DNS over HTTPS (DoH) is another story. Gotta have layer 7 inspection to watch for that stuff.

@SecCon - saw your rant in the network thread... I've been doing network engineering since the late 80s, and I learned Cisco when all they had was CLI. Even when they introduced GUI, I found it had many limitations and that to do what I really wanted, I had to roll up the sleeves and get dirty.
 
  • Like
Reactions: itronin

SecCon

Member
May 26, 2022
60
15
8
what a crybaby afraid of a black screen which a blinking cursor. 99% of pihole is managed thru it's pretty GUI:
I despise CLI. Sure it is useful if you have no other option, but to me it's only UI wanting to be developed. Very 1984 and Orwellian.

But thanks for those additional links.

@ccie4526 Appreciate your input, but I was never in network engineering. Nor should I need it.
 

BoredSysadmin

Not affiliated with Maxell
Mar 2, 2019
856
327
63
The important thing is that outbound firewall rules are necessary as there are some devices that will still try to reach out to google dns or other external resolvers in spite of what you may tell your devices either via static or dhcp. Permit outbound tcp/udp 53 only from the pihole servers, and deny all other outbound tcp/udp 53. You'll be surprised at how much of that traffic was going on. Chromecast and Roku are big on trying to use 8.8.8.8 in addition to whatever is locally provisioned, for example.

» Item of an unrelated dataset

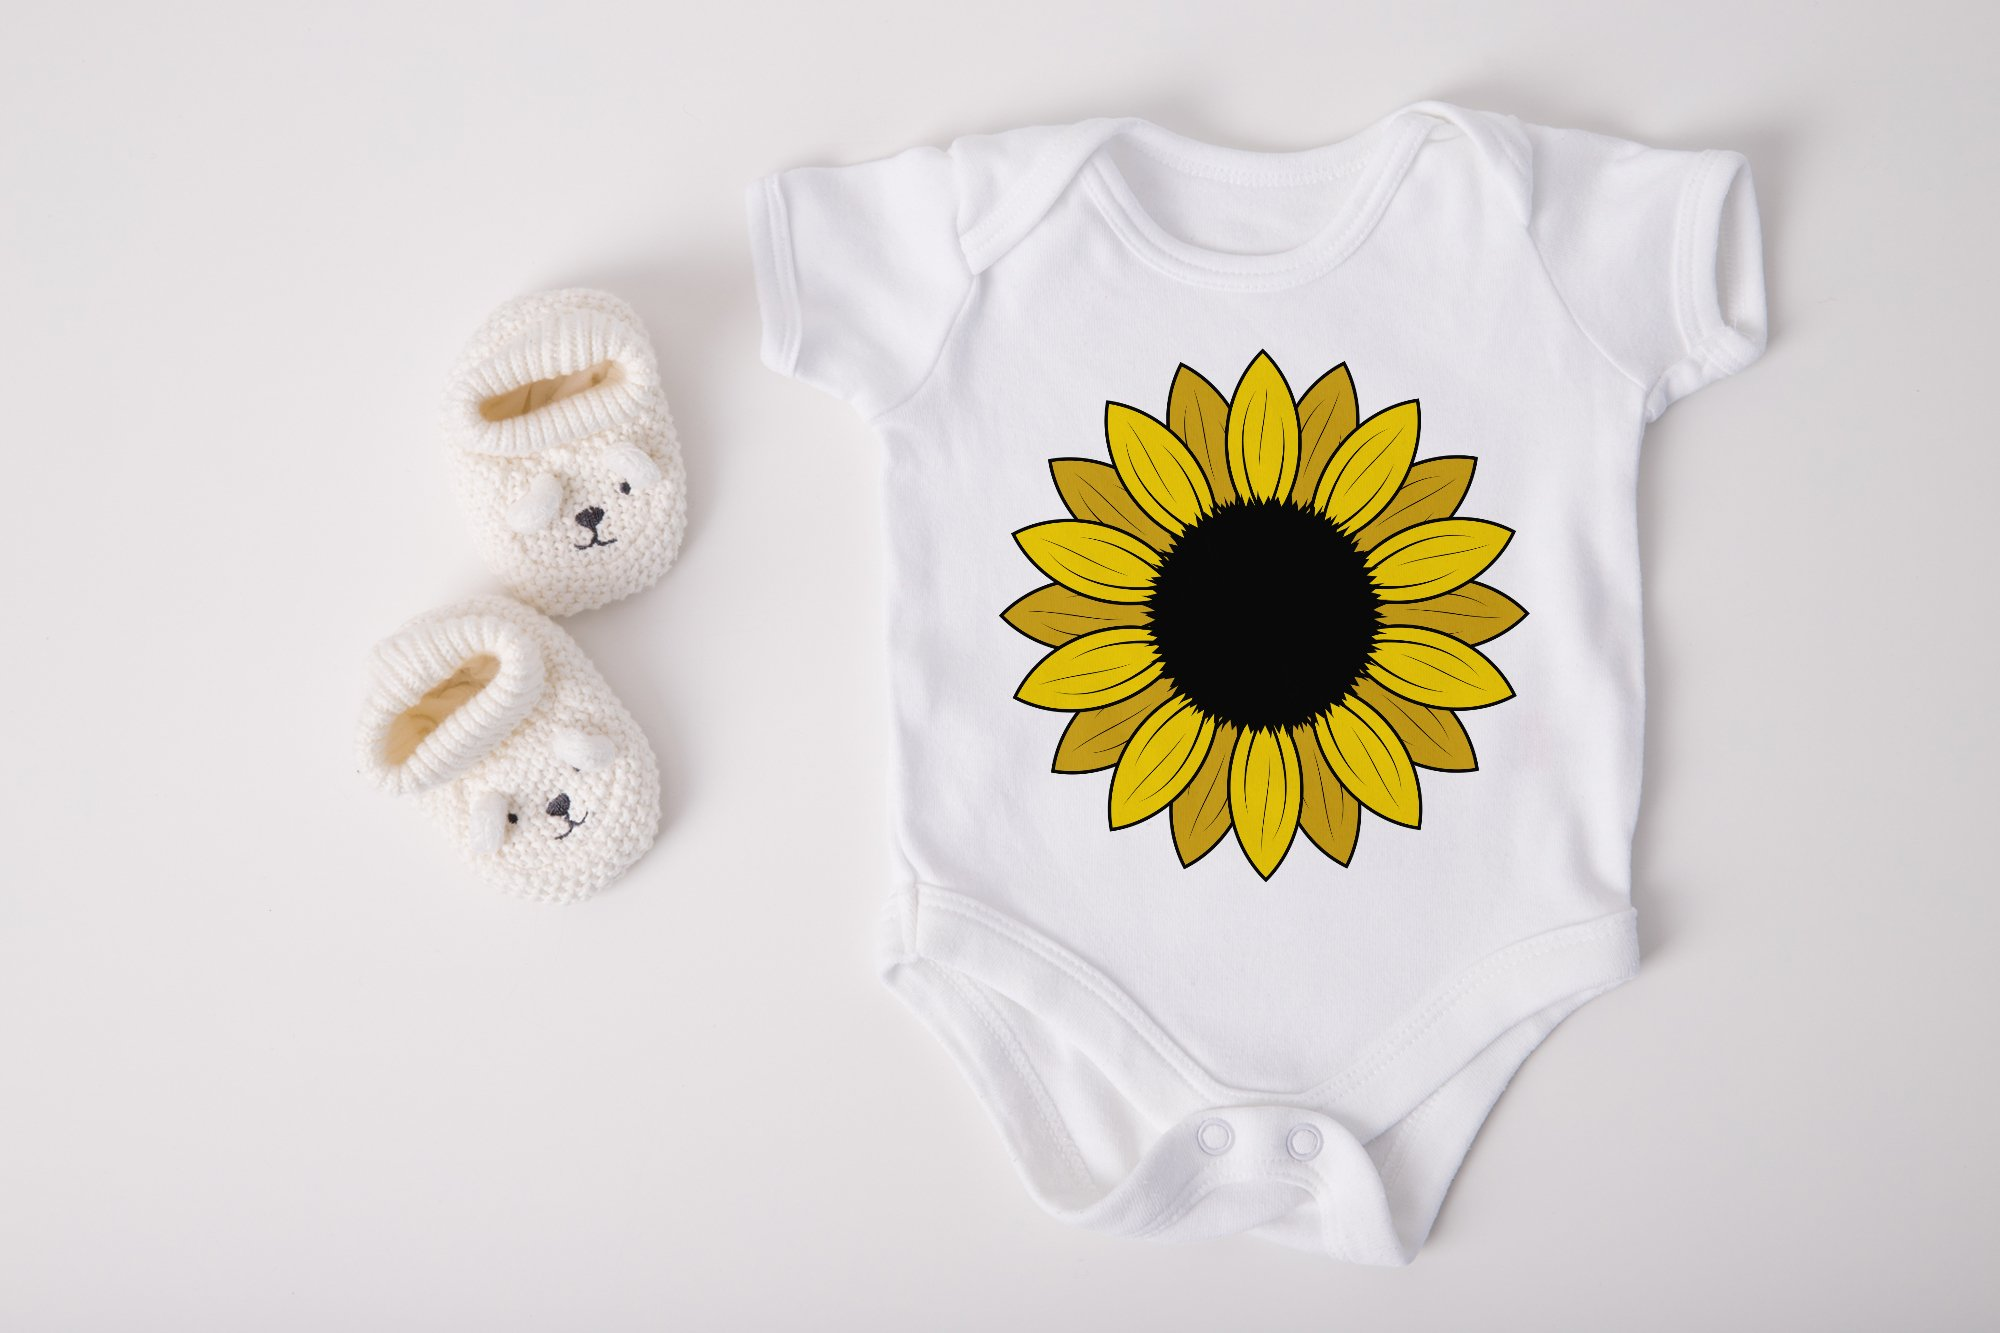 Sunflower SVG Bundle, Sunflower Clipart, Sunflower Monogram example image 5

DNS over HTTPS (DoH) is another story. Gotta have layer 7 inspection to watch for that stuff.
agreed, this is why I posted an easy to follow guide on how to configure pfSense to restrict external DNS only from pihole above
 

LodeRunner

Active Member
Apr 27, 2019
430
180
43
I can't think of anything, other than updating PiHole and trying to do some of the encrypted DNS stuff that requires me to use the CLI. Install on a supported OS is braindead simple:
Code:
curl -sSL https://install.pi-hole.net | bash
Updating is also easy:
Code:
pihole -up
Pihole update can include the restarting the lighttpd process which would kill the update process if run via the UI.

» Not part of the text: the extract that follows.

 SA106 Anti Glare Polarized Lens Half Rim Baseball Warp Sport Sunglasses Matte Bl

If that's too 'Orwellian' then I don't really know what to say. GUI's have a hard time covering all the options enterprise level switches present, with the possible exception of wireless (looking at you, Cisco WLC command syntax). I have yet to encounter a GUI on an enterprise switch from Cisco, Juniper, Brocade, or HP, where I couldn't do the same thing faster, more easily, and more accurately, from the CLI.